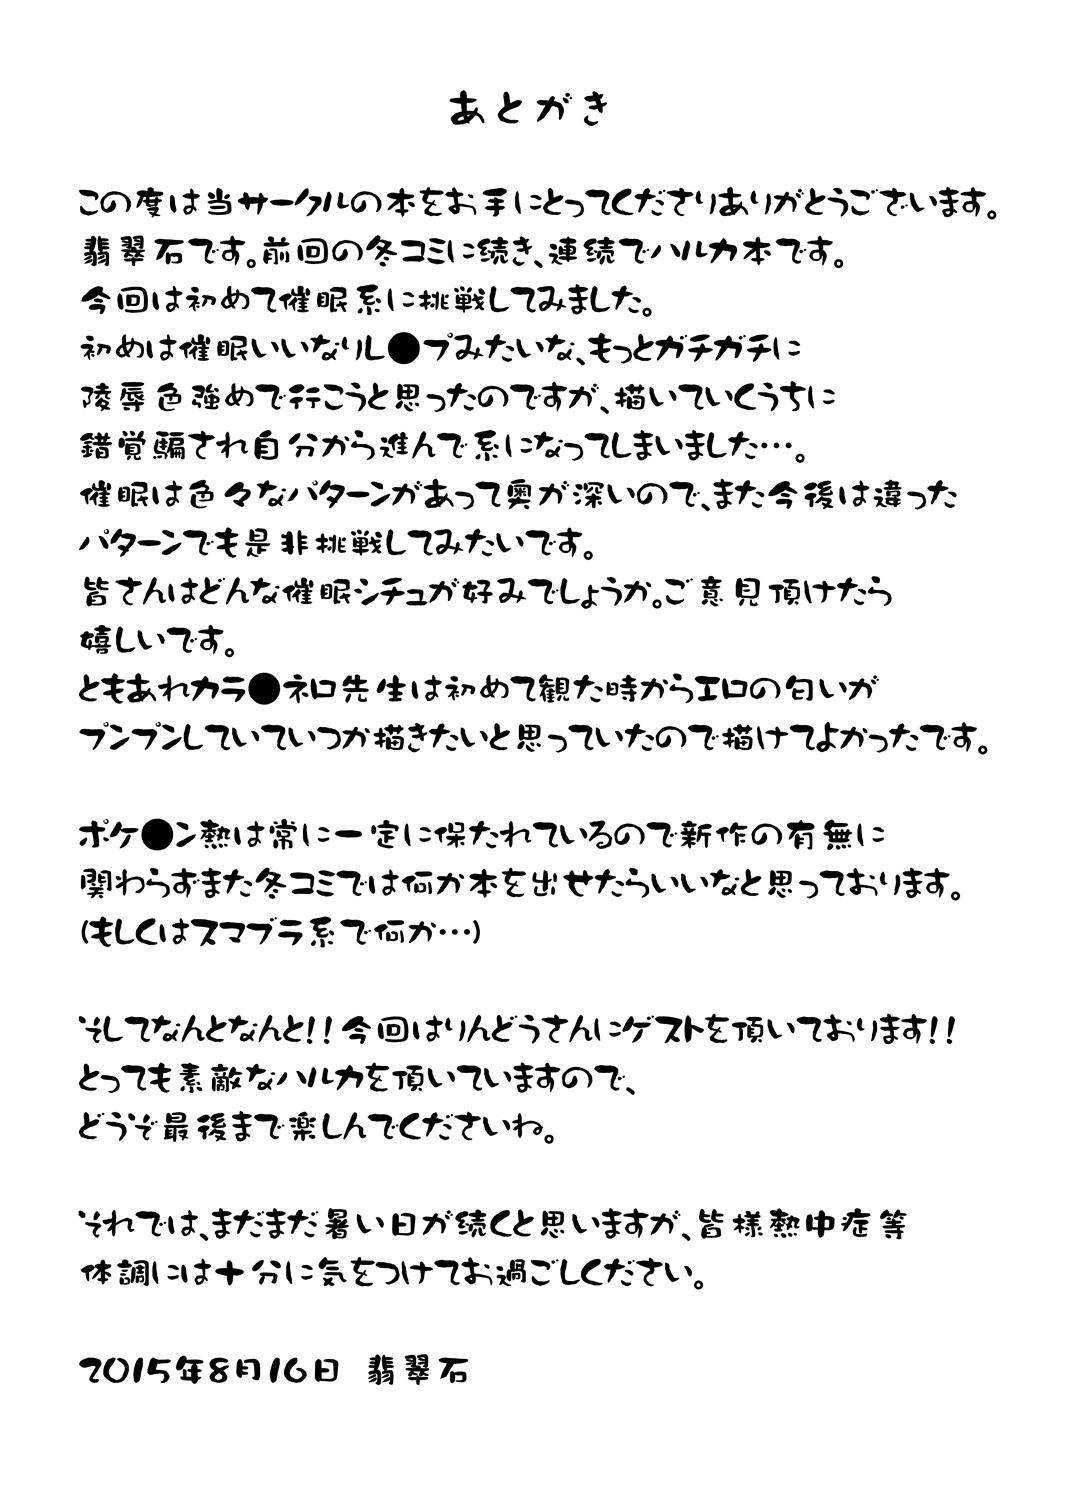 Pokemon Trainer Haruka Kyousei Saimin Battle 20
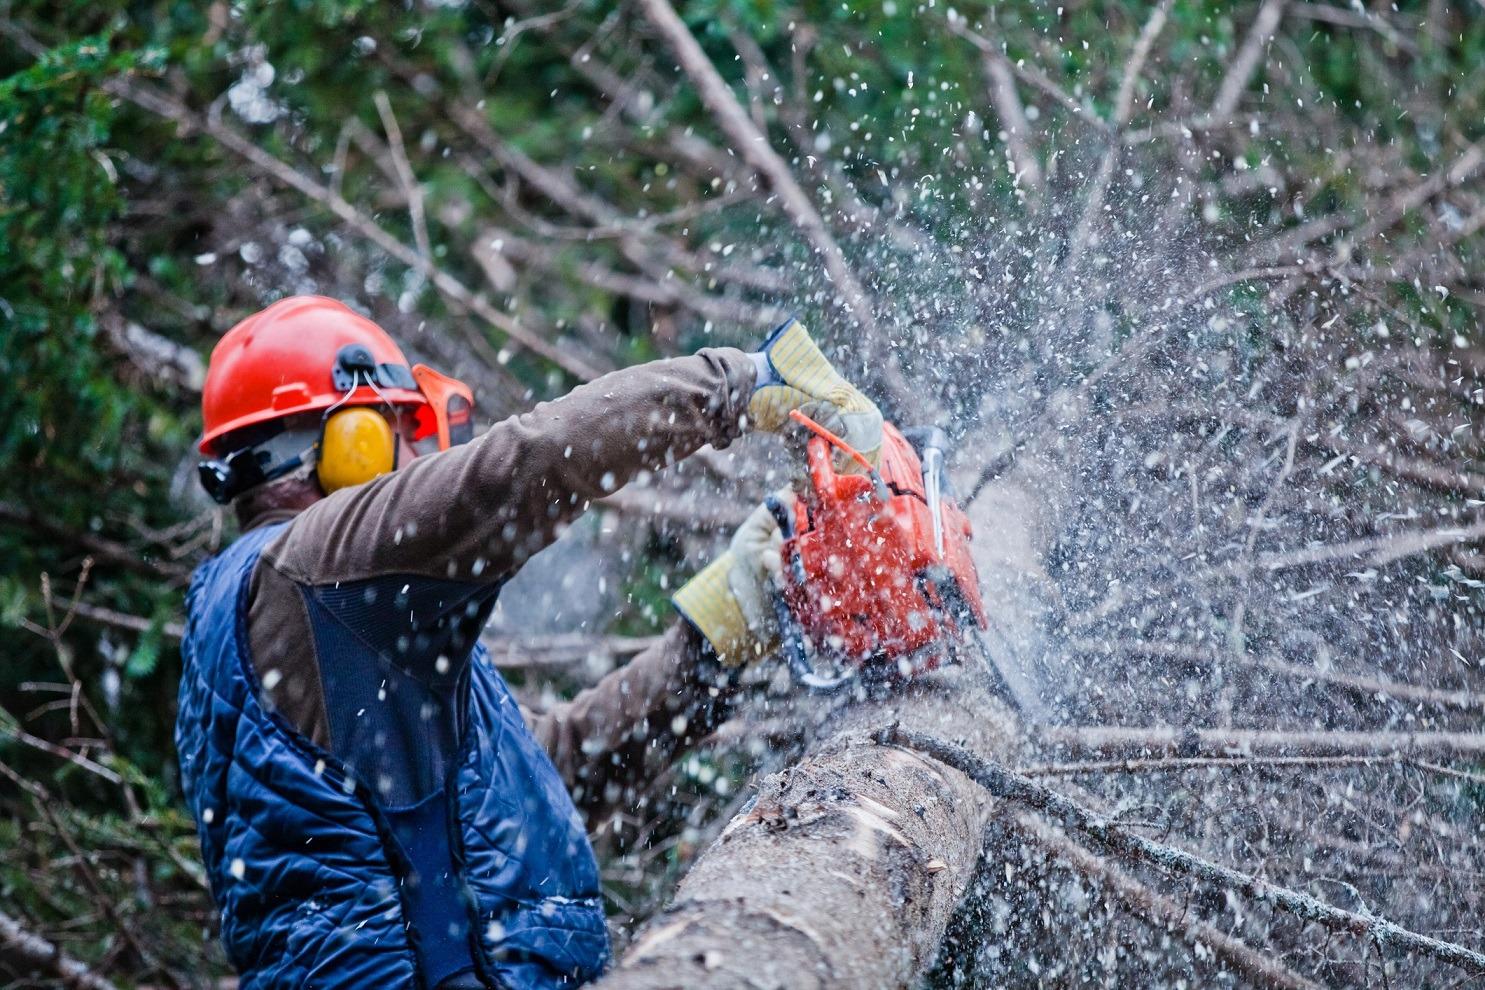 Lumberjack or logger cutting tree
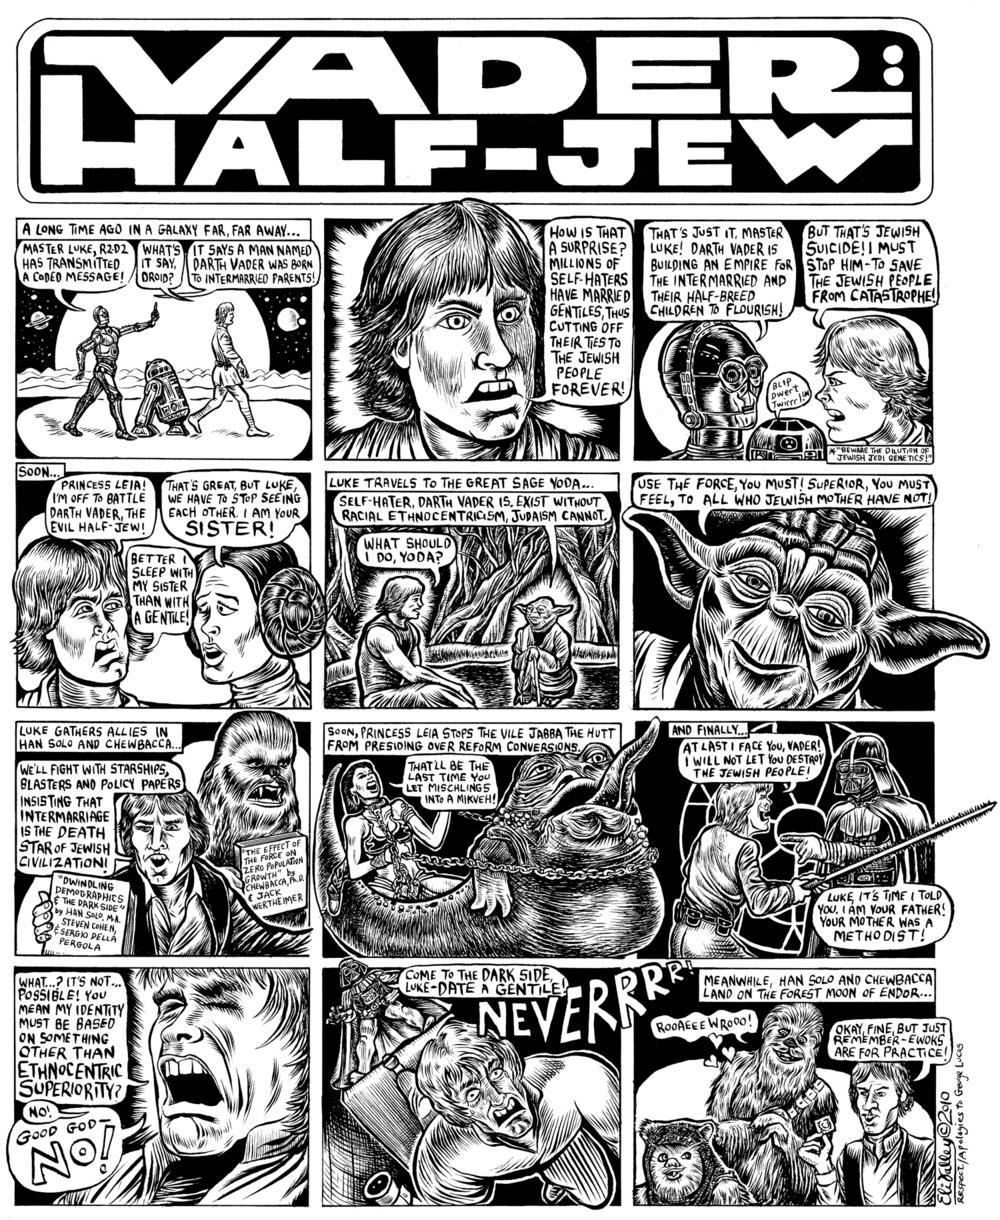 Vader: Half-Jew: Intermarriage. Forward, 3/25/10
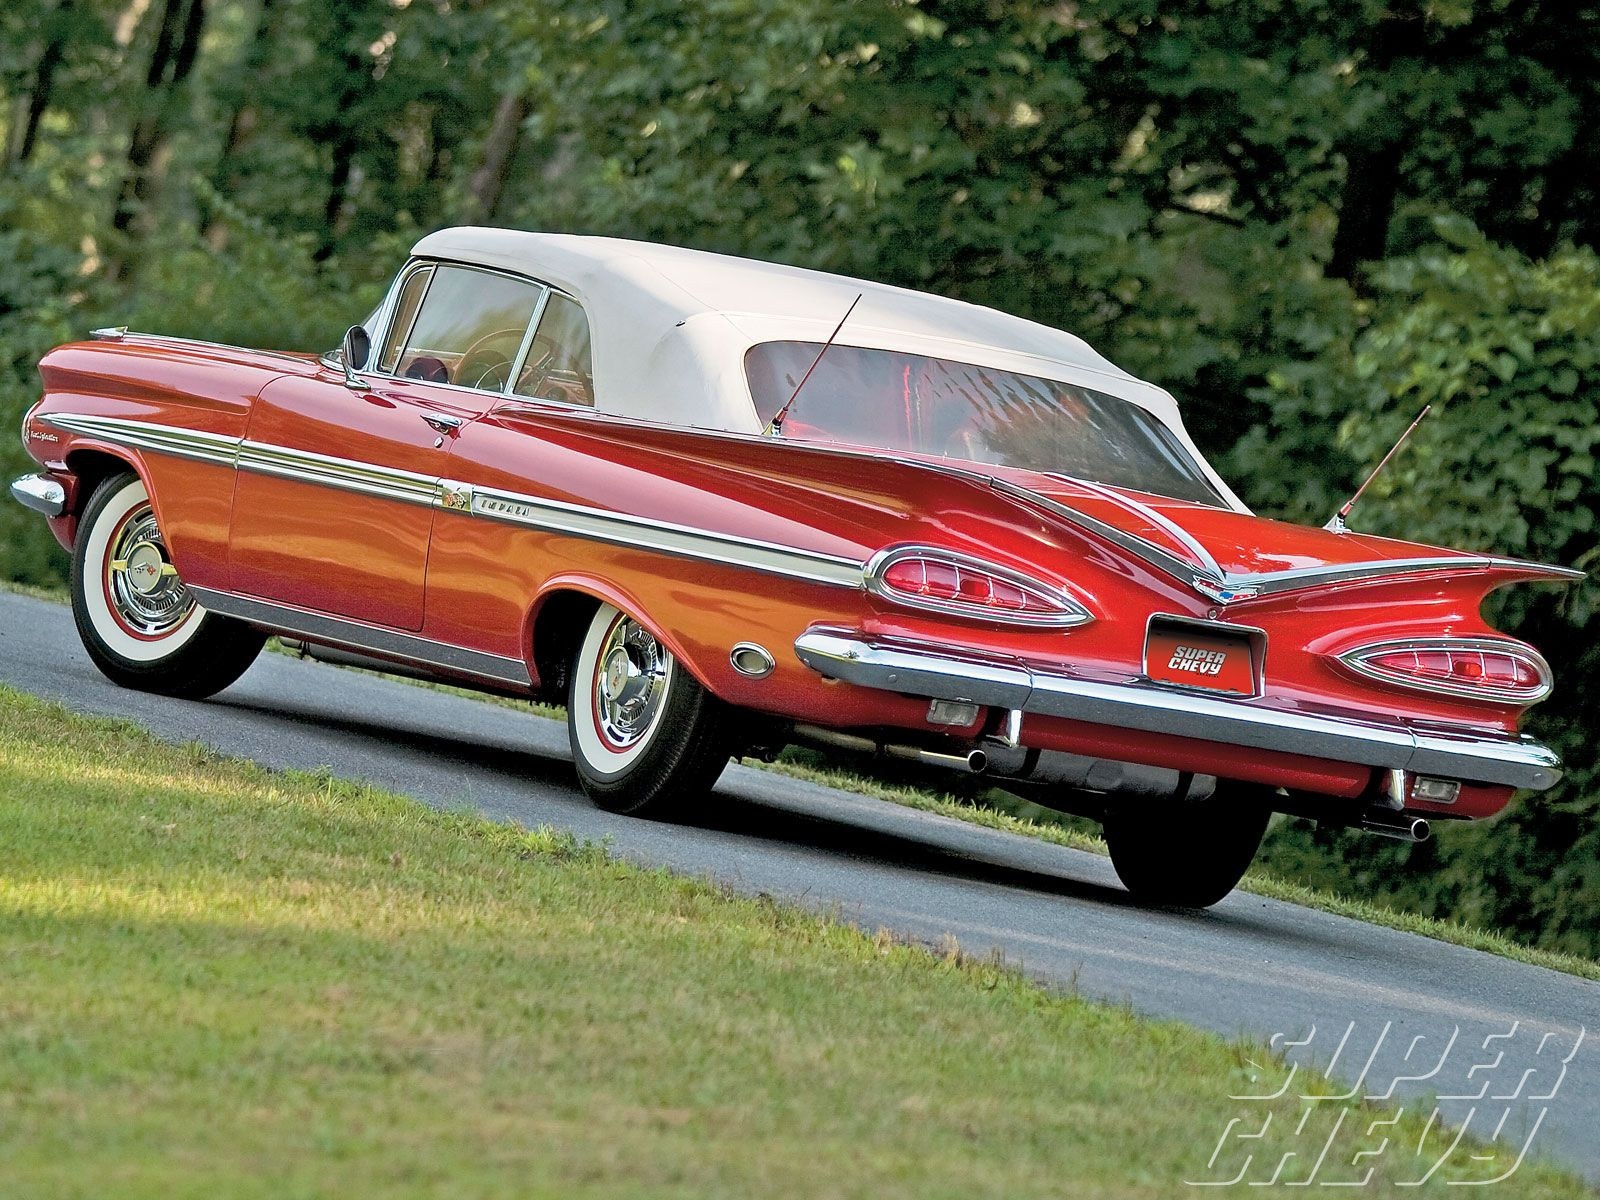 1959 chevrolet impala scott chalk 1959 chevrolet impala convertible driver side rear view  [ 1600 x 1200 Pixel ]
:::::
PROBLEM REQUIREMENTS:
An exact transcription of the data above is needed, without the pictures.

SOLUTION:
 Pokemon Trainer Haruka Kyousei Saimin Battle 20
 Lumberjack or logger cutting tree
 Vader: Half-Jew: Intermarriage. Forward, 3/25/10
 1959 chevrolet impala scott chalk 1959 chevrolet impala convertible driver side rear view  [ 1600 x 1200 Pixel ]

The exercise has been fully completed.